Since the consumption of carbon-dioxide by the green plants ceases towards evening, the tension of this gas in the water must rise and this must have the effect of inducing positive heliotropism or increasing its intensity.
At the same time the temperature of the water near the surface is lowered and this also increases the positive heliotropism in the organisms.
The faint light from the sky is sufficient to cause animals which are in a high degree positively heliotropic to move vertically upwards towards the light, as experiments with such pelagic animals, e.g. copepods, have shown.
When, in the morning, the absorption of carbon-dioxide by the green algae begins again and the temperature of the water rises, the animals lose their positive heliotropism, and slowly sink down or become negatively heliotropic and migrate actively downwards.
These experiments have also a bearing upon the problem of the inheritance of instincts. The character which is transmitted in this case is not the tendency to migrate periodically upwards and downwards, but the positive heliotropism. The tendency to migrate is the outcome of the fact that periodically varying external conditions induce a periodic change in the sense and intensity of the heliotropism of these animals. It is of course immaterial for the result, whether the carbon-dioxide or any other acid diffuse into the animal from the outside or whether they are produced inside in the tissue cells of the animals. Davenport and Cannon found that Daphniae, which at the beginning of the experiment, react sluggishly to light react much more quickly after they have been made to go to the light a few times. The writer is inclined to attribute this result to the effect of acids, e.g. carbon-dioxide, produced in the animals themselves in consequence of their motion. A similar effect of the acids was shown by A.D. Waller in the case of the response of nerve to stimuli.
The writer observed many years ago that winged male and female ants are positively helioptropic and that their heliotropic sensitiveness increases and reaches its maximum towards the period of nuptial flight. Since the workers show no heliotropism it looks as if an internal secretion from the sexual glands were the cause of their heliotropic sensitiveness. V.
Kellogg has observed that bees also become intensely positively heliotropic at the period of their wedding flight, in fact so much so that by letting light fall into the observation hive from above, the bees are prevented from leaving the hive through the exit at the lower end.
We notice also the reverse phenomenon, namely, that chemical changes produced in the animal destroy its heliotropism. The caterpillars of Porthesia chrysorrhoea are very strongly positively heliotropic when they are first aroused from their winter sleep. This heliotropic sensitiveness lasts only as long as they are not fed. If they are kept permanently without food they remain permanently positively heliotropic until they die from starvation. It is to be inferred that as soon as these animals take up food, a substance or substances are formed in their bodies which diminish or annihilate their heliotropic sensitiveness.

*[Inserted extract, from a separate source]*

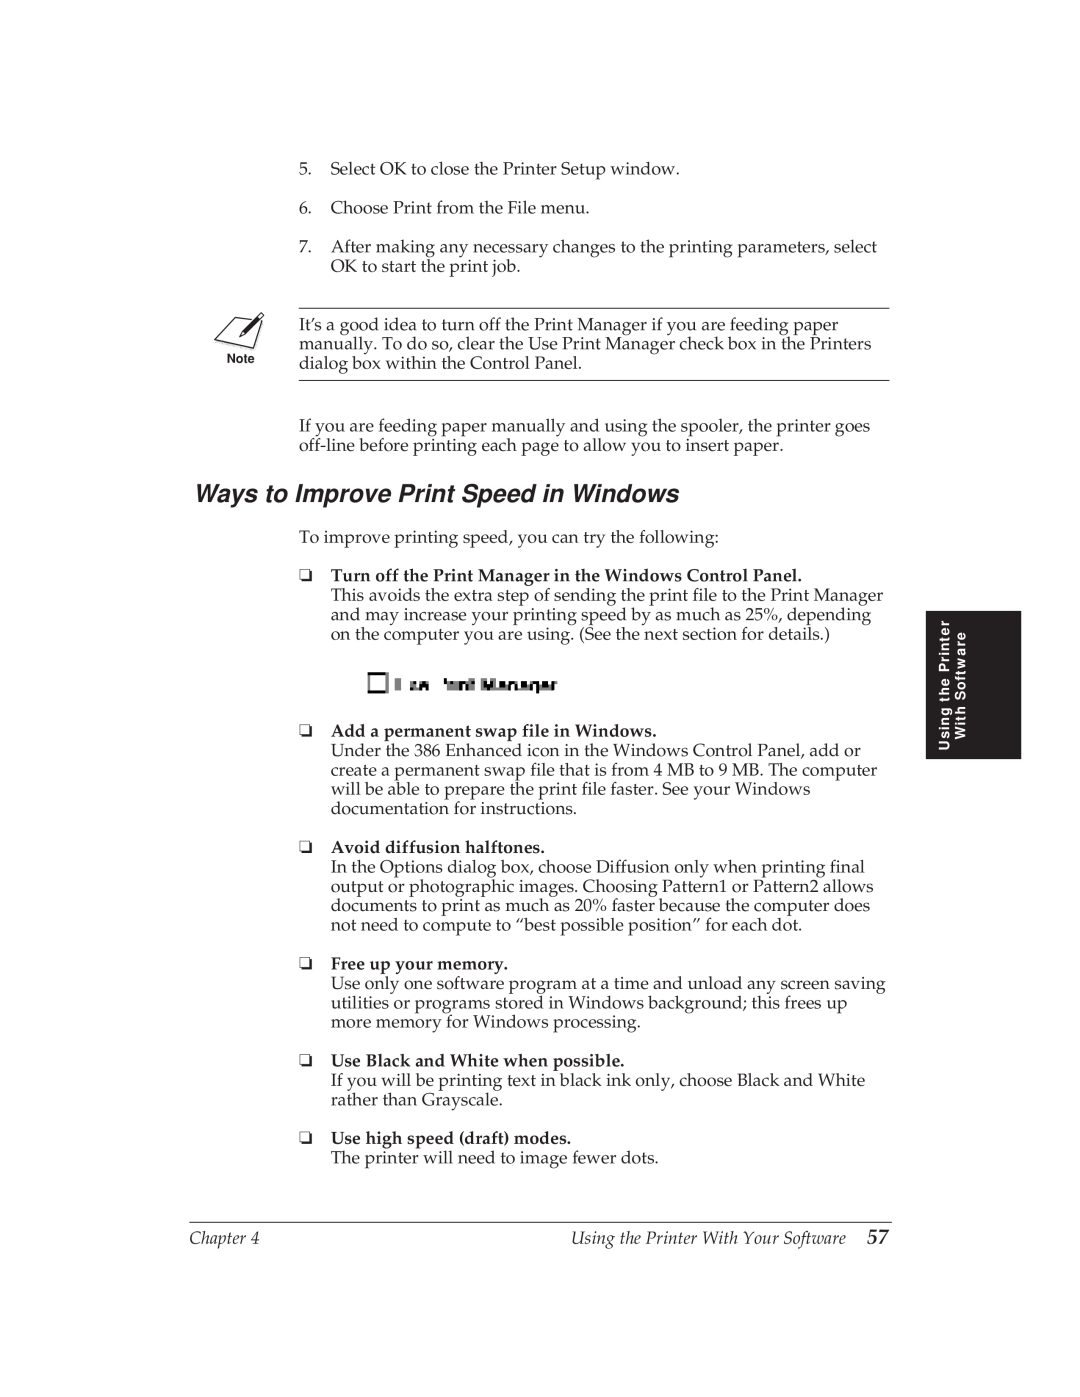 Canon BJ-30 manual Ways to Improve Print Speed in Windows, Turn off the Print Manager in the Windows Control Panel

The heliotropism of animals is identical with the heliotropism of plants.
The writer has shown that the experiments on the effect of acids on the heliotropism of copepods can be repeated with the same result in Volvox.
It is therefore erroneous to try to explain these heliotropic reactions of animals on the basis of peculiarities (e.g. vision) which are not found in plants.
We may briefly discuss the question of the transmission through the sex cells of such instincts as are based upon heliotropism. This problem reduces itself simply to that of the method whereby the gametes transmit heliotropism to the larvae or to the adult. The writer has expressed the idea that all that is necessary for this transmission is the presence in the eyes (or in the skin) of the animal of a photo-sensitive substance.
For the transmission of this the gametes need not contain anything more than a catalyser or ferment for the synthesis of the photo-sensitive substance in the body of the animal. What has been said in regard to animal heliotropism might, if space permitted, be extended, mutatis mutandis, to geotropism and stereotropism.
(c) THE TROPIC REACTIONS OF CERTAIN TISSUE-CELLS AND THE MORPHOGENETICEFFECTS OF THESE REACTIONS.
Since plant-cells show heliotropic reactions identical with those of animals, it is not surprising that certain tissue-cells also show reactions which belong to the class of tropisms. These reactions of tissue-cells are of special interest by reason of their bearing upon the inheritance of morphological characters. An example of this is found in the tiger-like marking of the yolk-sac of the embryo of Fundulus and in the marking of the young fish itself. The writer found that the former is entirely, and the latter at least in part, due to the creeping of the chromatophores upon the blood-vessels. The chromatophores are at first scattered irregularly over the yolk-sac and show their characteristic ramifications. There is at that time no definite relation between blood-vessels and chromatophores. As soon as a ramification of a chromatophore comes in contact with a blood-vessel the whole mass of the chromatophore creeps gradually on the blood-vessel and forms a complete sheath around the vessel, until finally all the chromatophores form a sheath around the vessels and no more pigment cells are found in the meshes between the vessels. Nobody who has not actually watched the process of the creeping of the chromatophores upon the blood-vessels would anticipate that the tiger-like colouration of the yolk-sac in the later stages of the development was brought about in this way. Similar facts can be observed in regard to the first marking of the embryo itself.